In the instant case from the uncontradicted evidence, plaintiff would have been uninsurable and rejected for insurance had
the questions been answered truthfully. The rule is, and plaintiff does not dispute, that misrepresentations as to questions affecting insurability are material as a matter of law. Tolbert v. Insurance Co., 236 N.C. 416, 72 S.E.2d 915 (1952).
The sole purpose of the application is to obtain accurate information for underwriting purposes. Without the false statement inserted by the agent, the uninsurable applicant would not have received a policy. Plaintiff has made no showing that her husband was prevented or prohibited from reading the application before he signed. When Mr. Ward signed the application, he adopted the statements and represented that they were true. If Mr. Ward had corrected the false statements, he would not have obtained the insurance; by signing, he benefited from the agent's action.

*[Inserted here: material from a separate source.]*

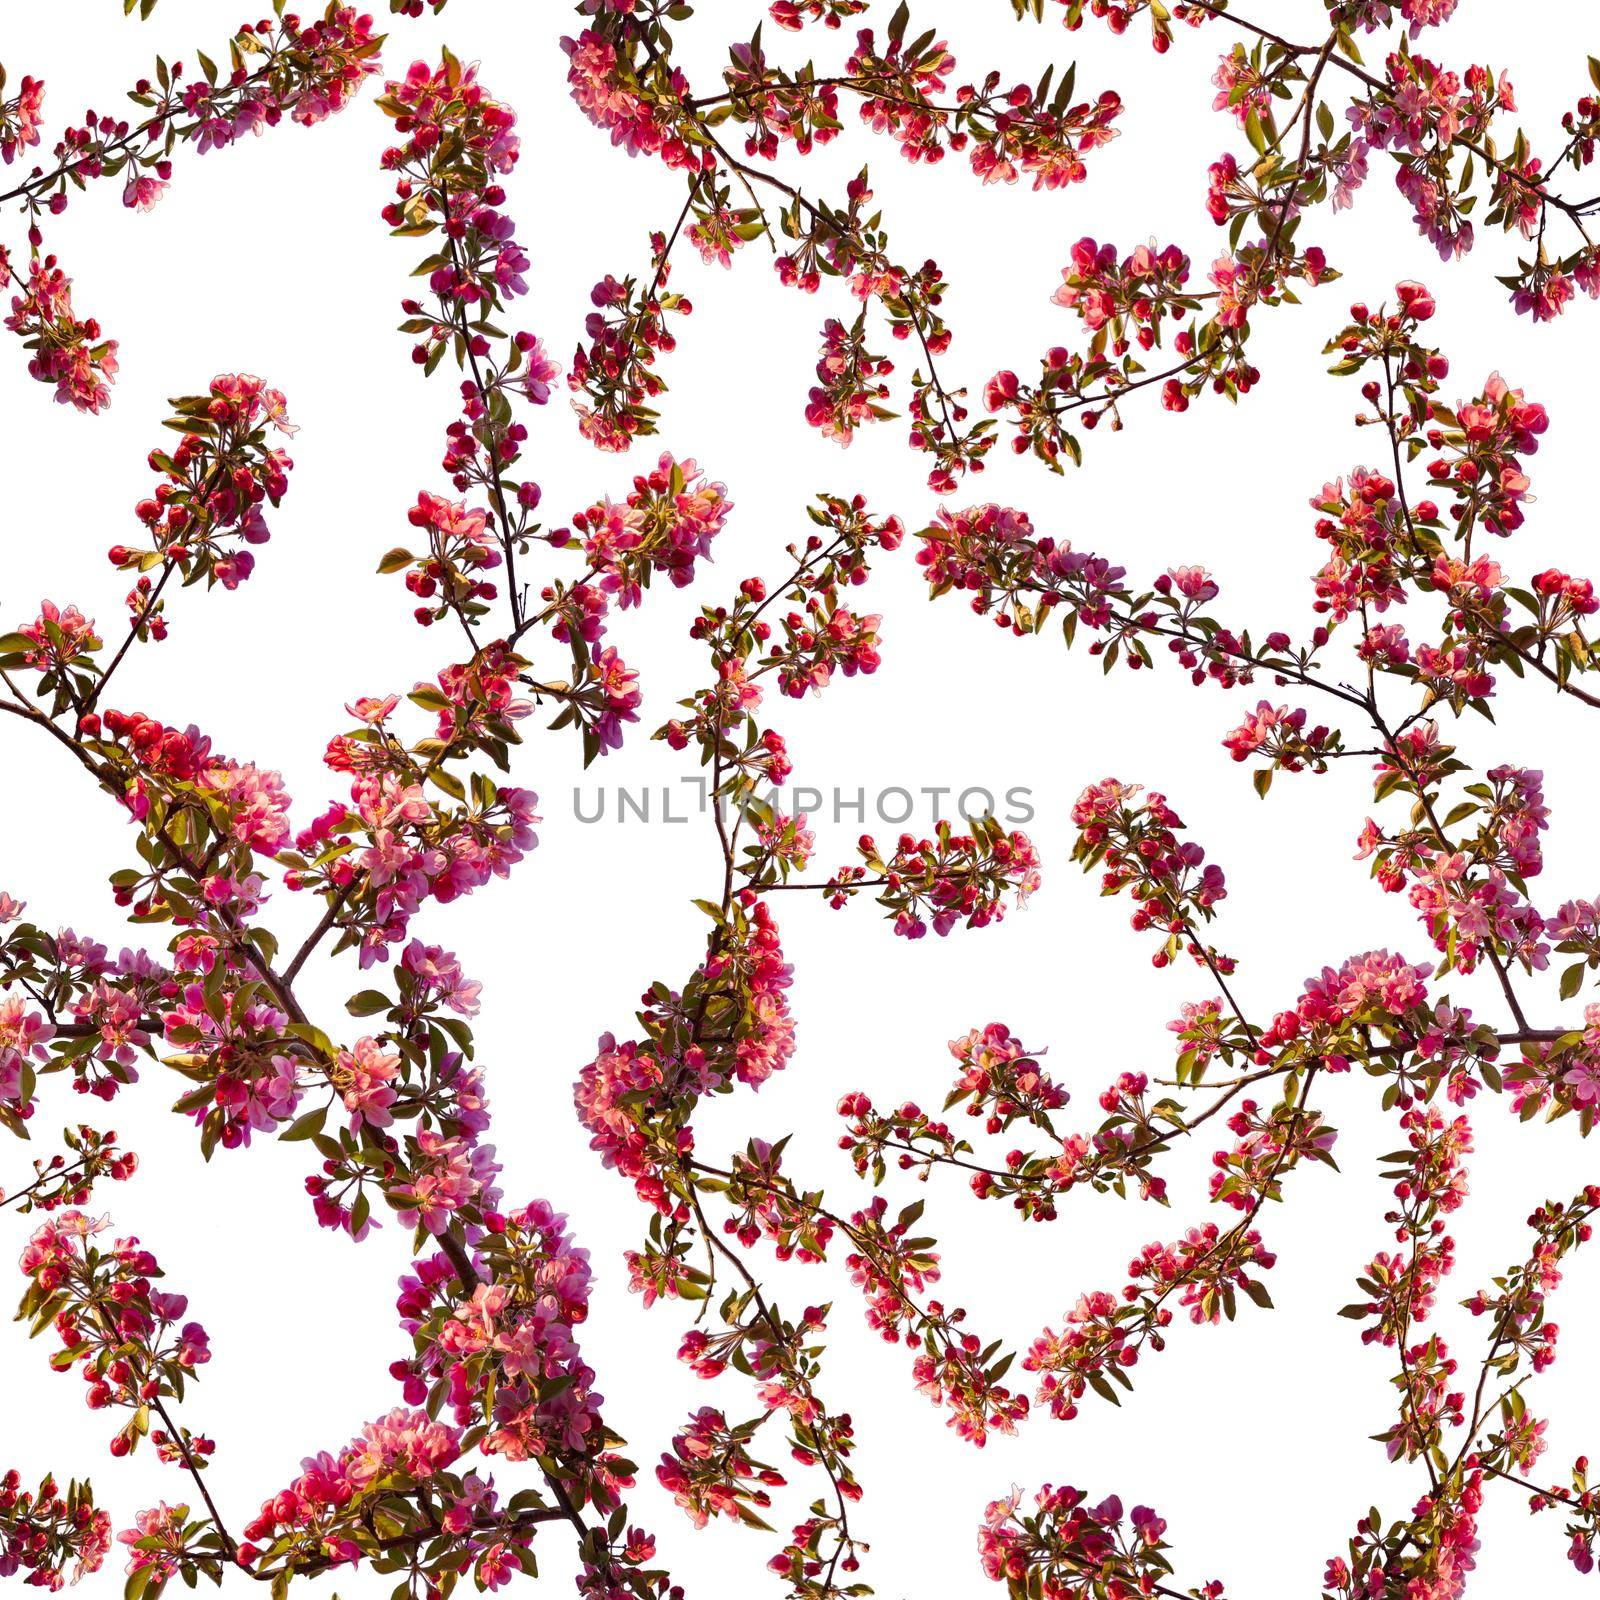 Apple blossom branch of flowers cherry. Traditional ornate spring flowers sakura pattern seamless. White flower buds on a tree. Sacura collage artistic illustration. by Andre1ns
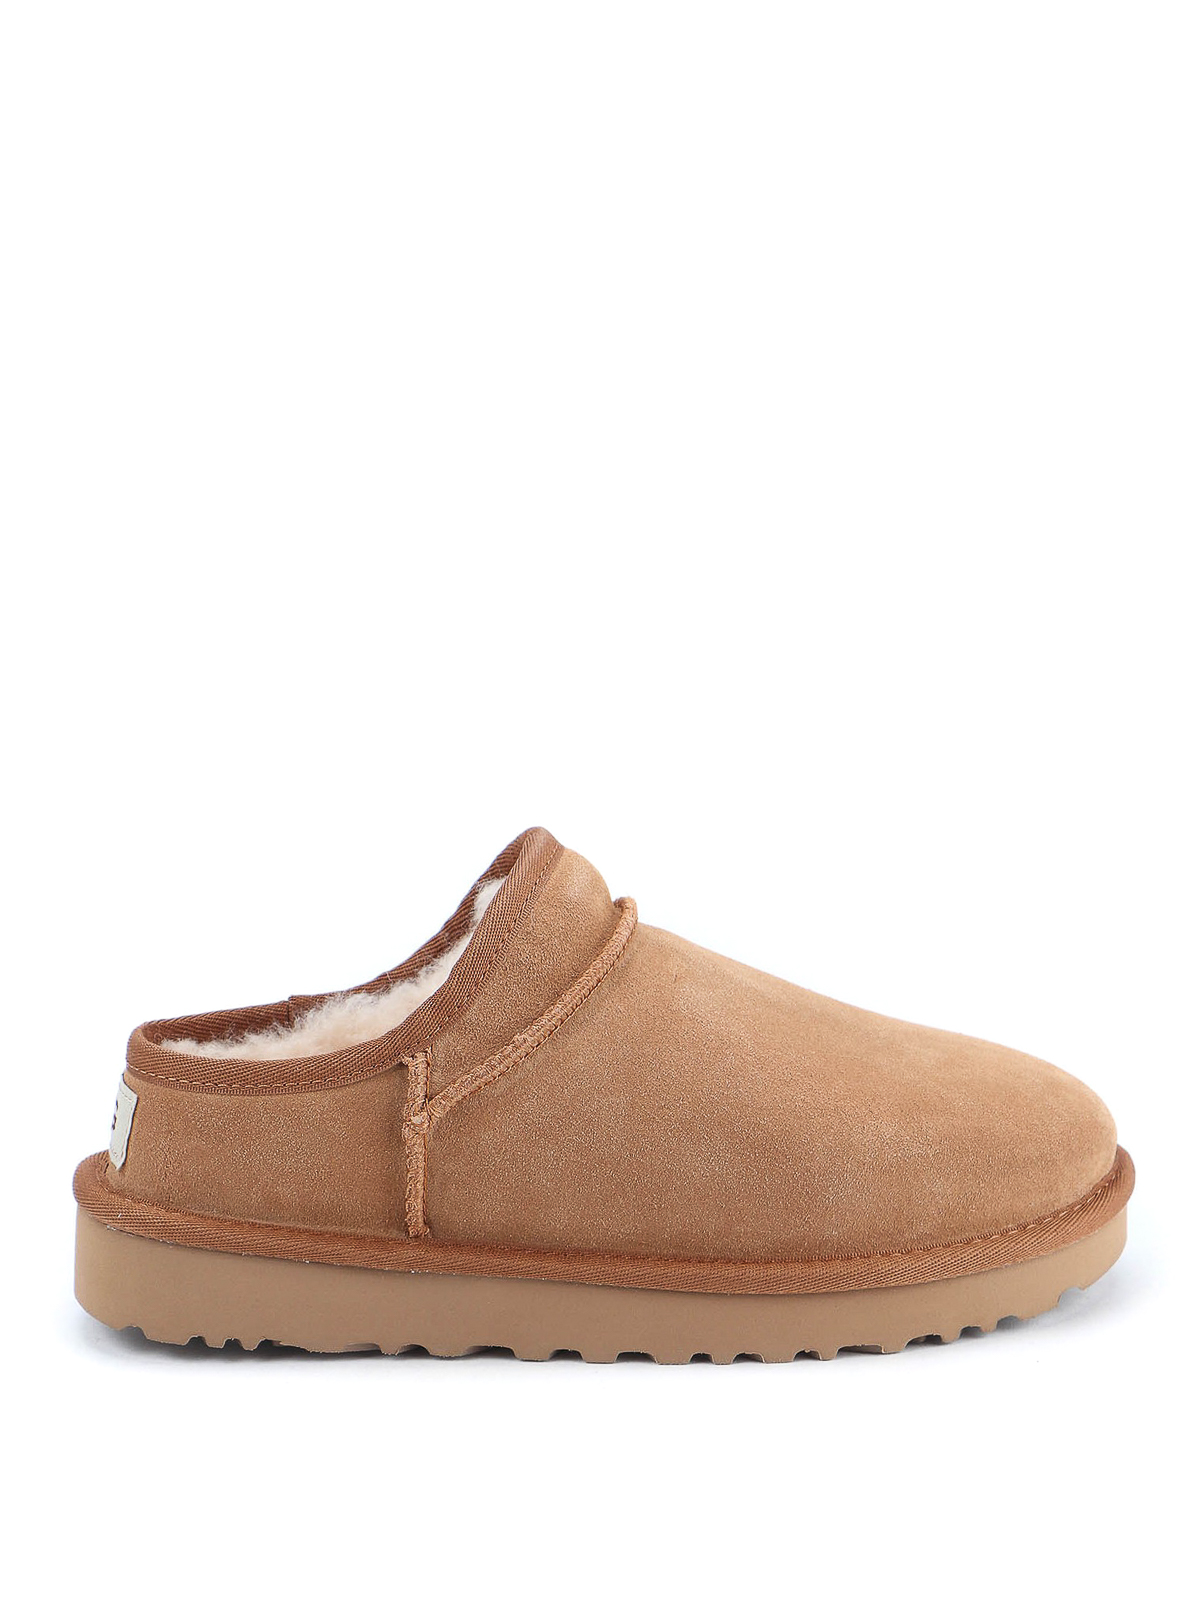 ugg suede slippers

Defendant has tendered the return of the premiums with interest thereon, and in my view owes nothing more.
Furthermore, even under the majority's theory of the case, I do not think the evidence is sufficient to raise an inference that insured was induced not to give a truthful application by statements of the agent. According to plaintiff's affidavit, the agent told plaintiff and her husband that because Mr. Ward's conviction and treatment for high blood pressure had occurred more than two years before the date of the application, "this was all right and would not prevent [Mr. Ward] from obtaining insurance with [defendant]." Although this statement may have led plaintiff and her husband to believe that the omitted information was not especially important, the agent did not expressly state that they were not required to report it. Plaintiff did not aver that the agent told them that the questions only required information from the past two years, nor did she aver that the agent advised or suggested that her husband not include the omitted information in the application.
For the foregoing reasons, I vote to affirm.